◆ **Collected data**:

_____

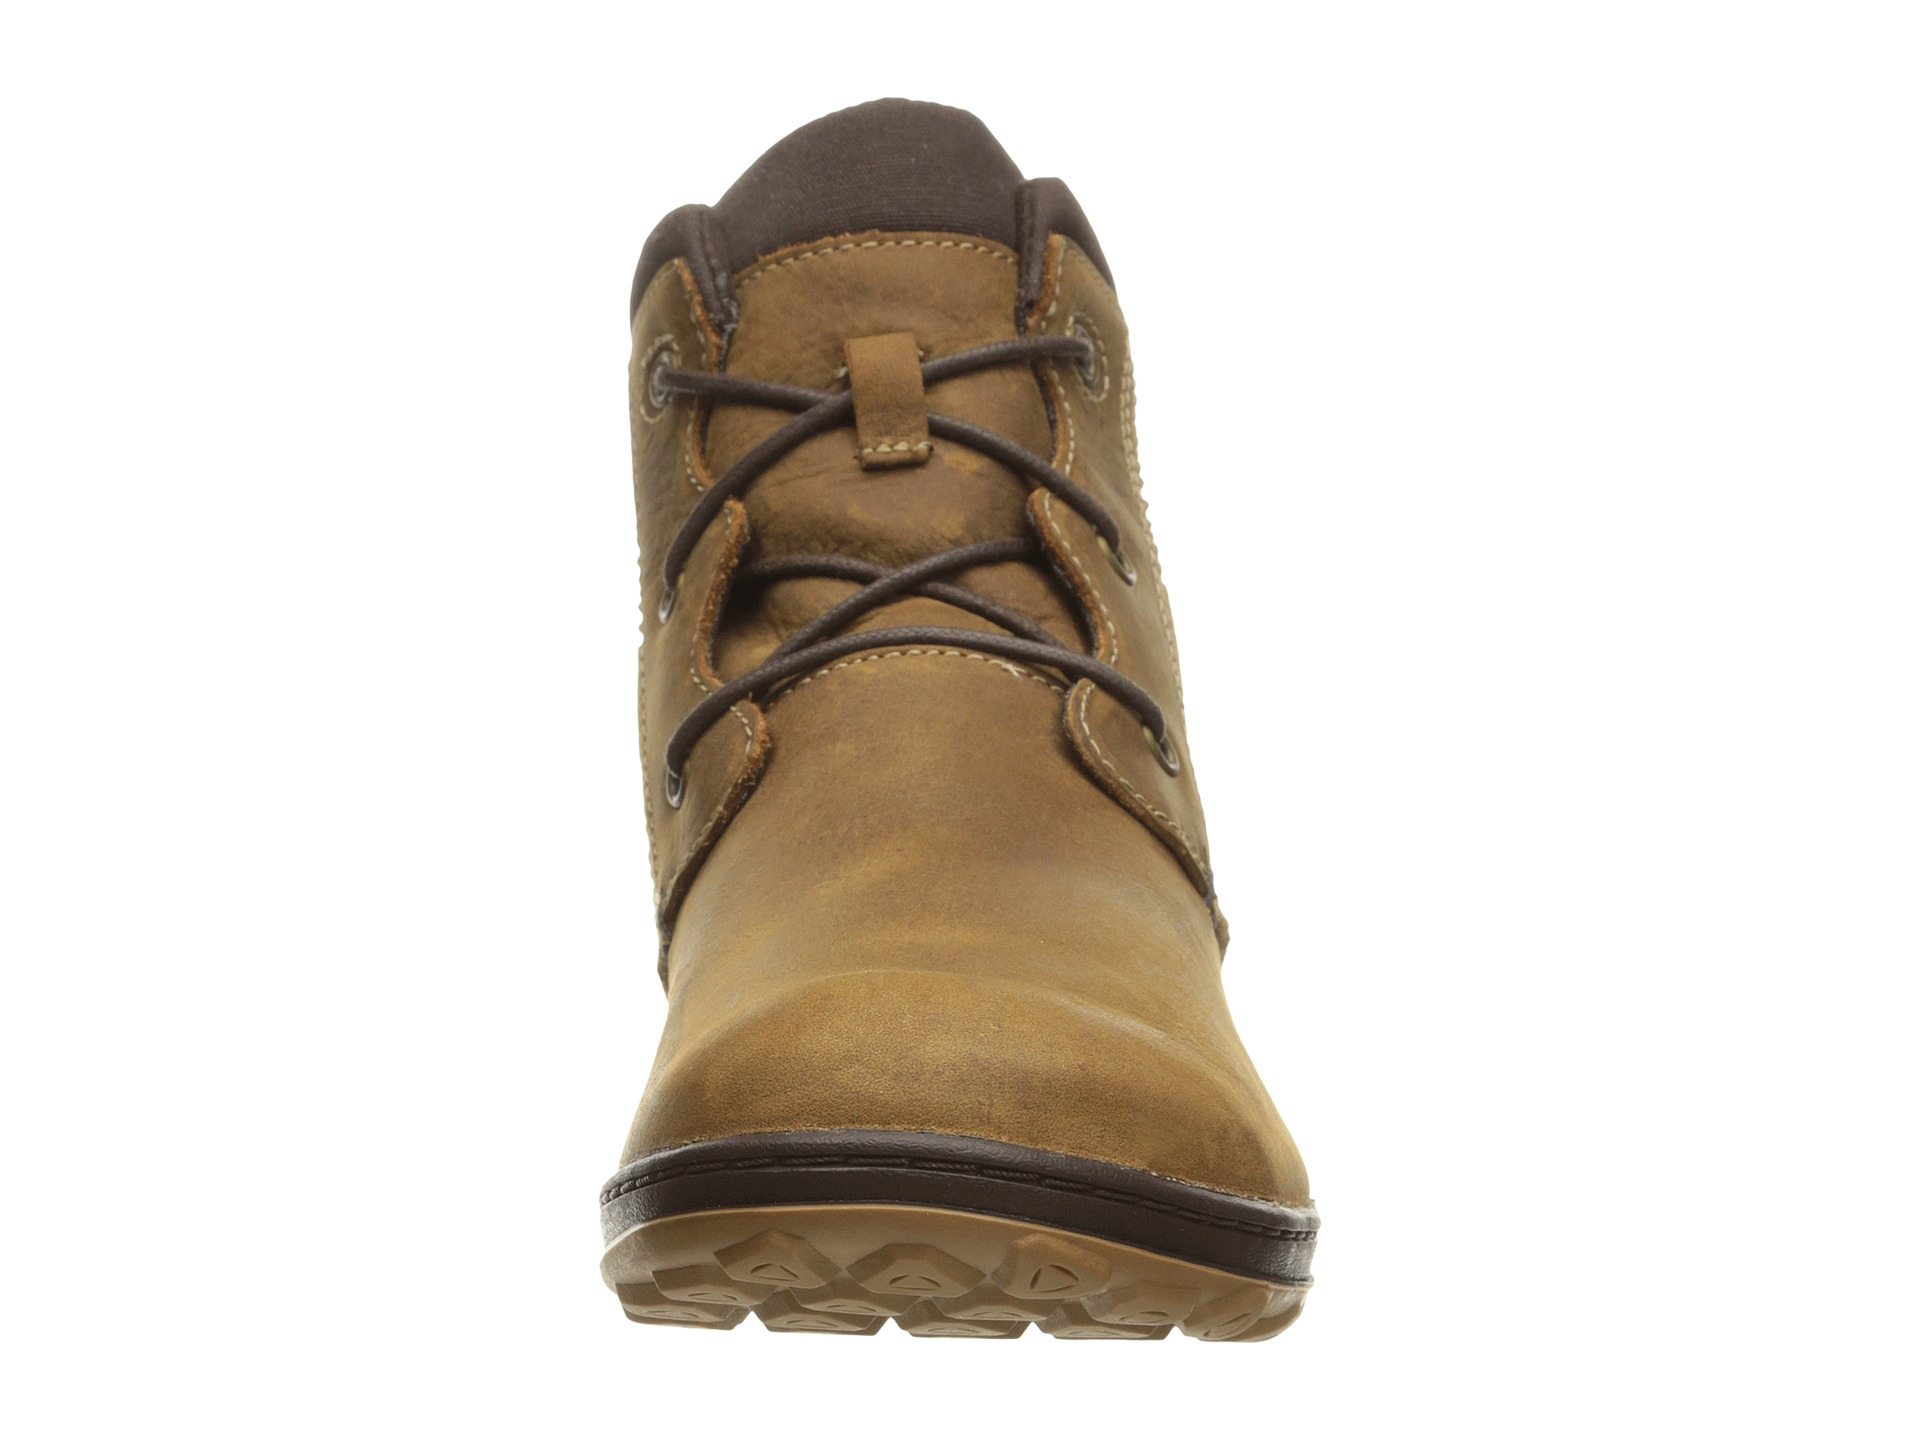 Merrell Leather Ashland Vee Ankle in Brown - Lyst
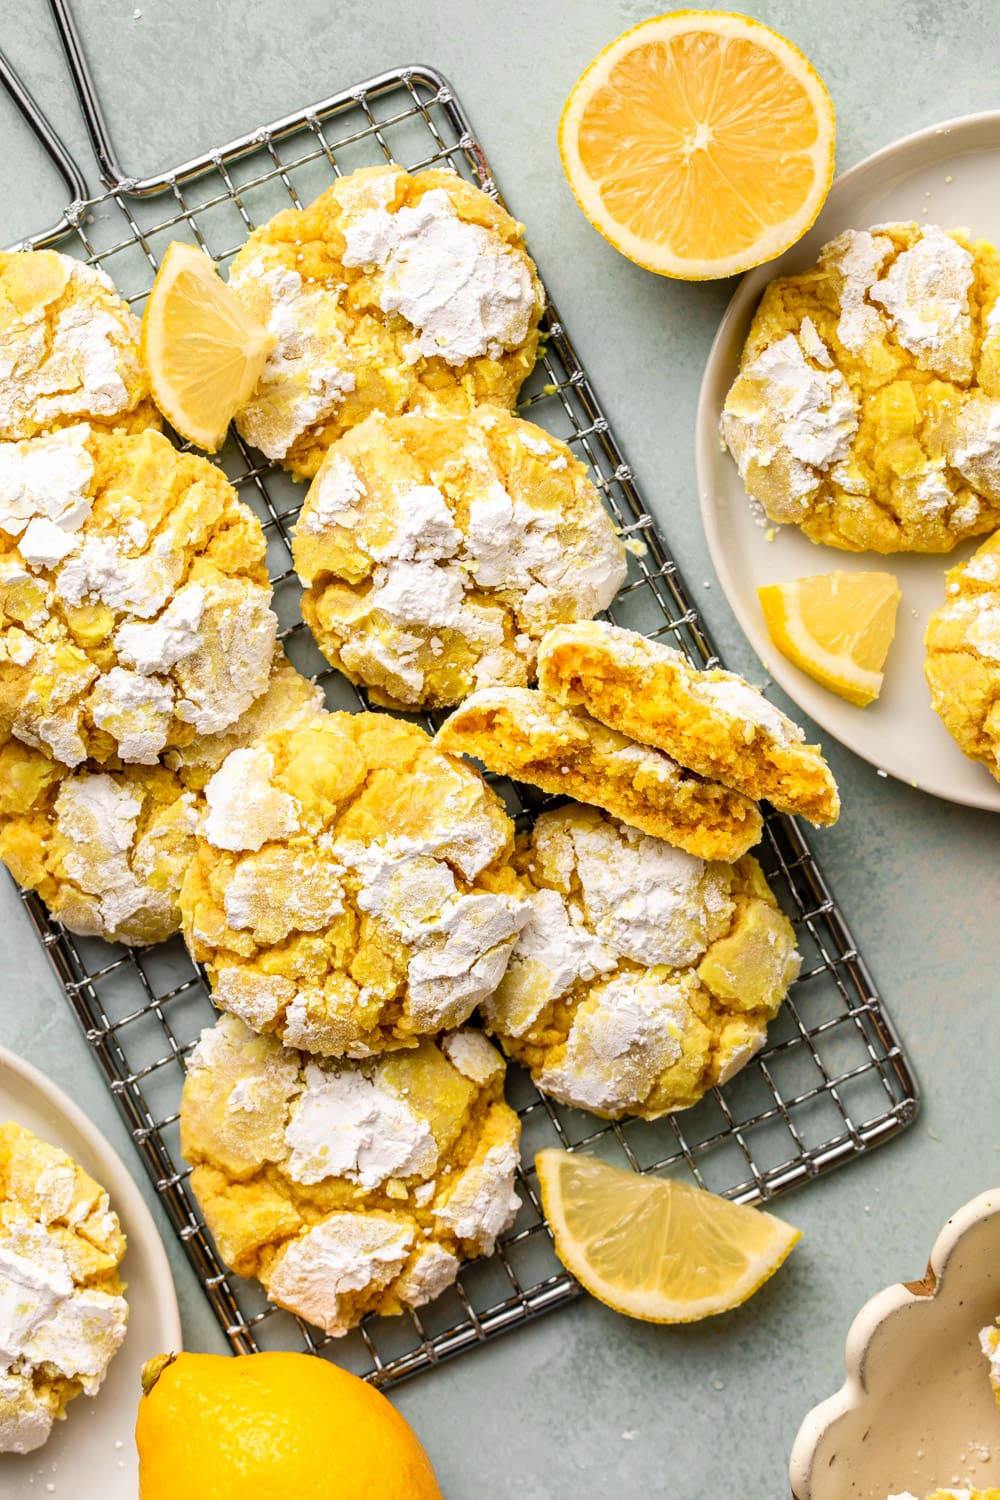 lemon crinkle cookies cooling on a cooling rack next to a plate of lemon cookies and half of a lemon, on a sea green kitchen countertop
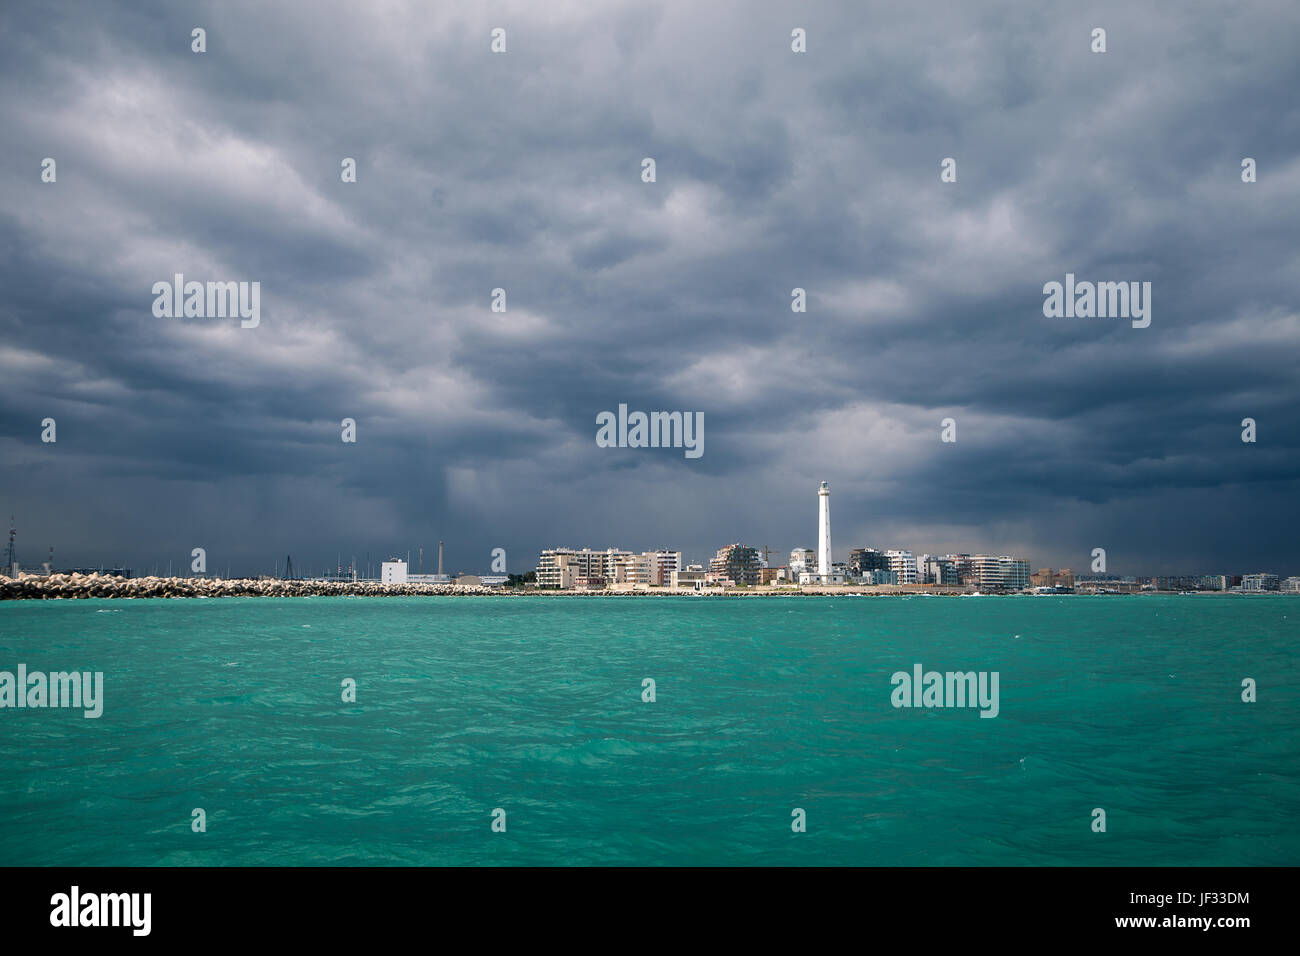 Lighthouse in a cloudy day with a storm approaching Stock Photo

_____

◆ **The problem**:
Do not include the images; transcribe the rest of the listing exactly.

◆ **Answer box**:
 Merrell Leather Ashland Vee Ankle in Brown - Lyst
 lemon crinkle cookies cooling on a cooling rack next to a plate of lemon cookies and half of a lemon, on a sea green kitchen countertop
 Lighthouse in a cloudy day with a storm approaching Stock Photo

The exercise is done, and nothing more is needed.